Hoahing won the junior singles Championship of Great Britain and of France in 1936. She was the singles runner-up at the 1938 South of France Championships, held at the Nice Club, losing the final in straight sets to Gracyn Wheeler. Hoahing, then 17 years old, had defeated Simonne Mathieu in the quarterfinal, who was at the time the No. 5 ranked player in the world and had won the previous three editions of the tournament.
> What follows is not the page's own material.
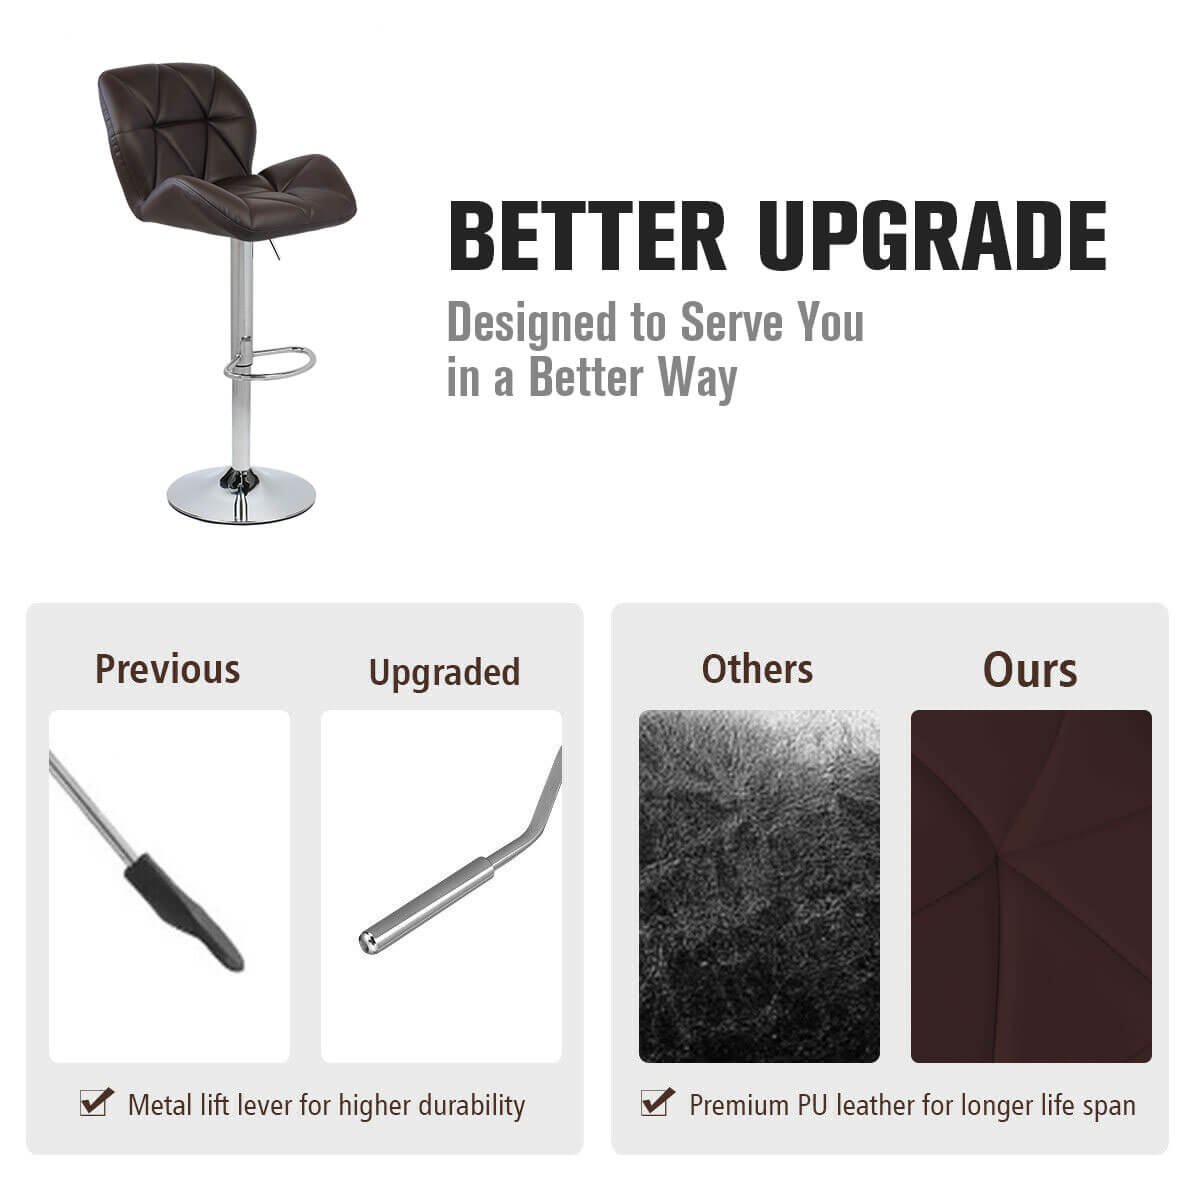 Elecwish brown bar stool OW001 has better upgrade

Between 1937 and 1961 she competed in 19 Wimbledon Championships. In 1936 she was refused entry to the tournament because of her young age. Starting around that time she was coached (Note: According to Australian tennis player and coach Harry Hopman in a 1949 column her coaching negatively impacted her natural sense of rhythm and, combined with the pressure of being put in the limelight, halted her development and performance.) for some years by Dan Maskell. Her best singles result at Wimbledon was reaching the fourth round in 1949 and 1957. In 1949 she defeated fourth-seeded Gussie Moran in the third round and in 1957 first-seeded and eventual champion Althea Gibson proved too strong. In 1952 she was a runner up to Betsy Abbas at the All England Plate, a competition held at the Wimbledon Championships for players who were defeated in the first or second rounds of the singles competition.

In July 1946 she won the first edition of the Welsh Championships after World War II, beating Joy Hibbert in the final. Hoahing won the singles title at the British Covered Court Championships, held at the Queen's Club, in 1948 after a three-sets win in the final against compatriot Joan Curry. She added the singles title at the North of England Championships in Scarborough to her palmares in August 1949, her third consecutive title at the event. That year she also won the singles title at the Scottish Championships. In 1950 she defeated Mary Terán de Weiss in the final to become the South of England Championships singles champion. The previous year she had also reached the final but lost to compatriot Jean Walker-Smith.

At 4 ft 9.5in (1.46 m) Hoahing was the shortest player to compete at Wimbledon.

After her active playing career she started a flower shop near Kensington Gardens and was involved in charity work.

In 2025 the Museum of Richmond included her in their exhibition "Trailblazing Women – Richmond’s Sporting Superstars".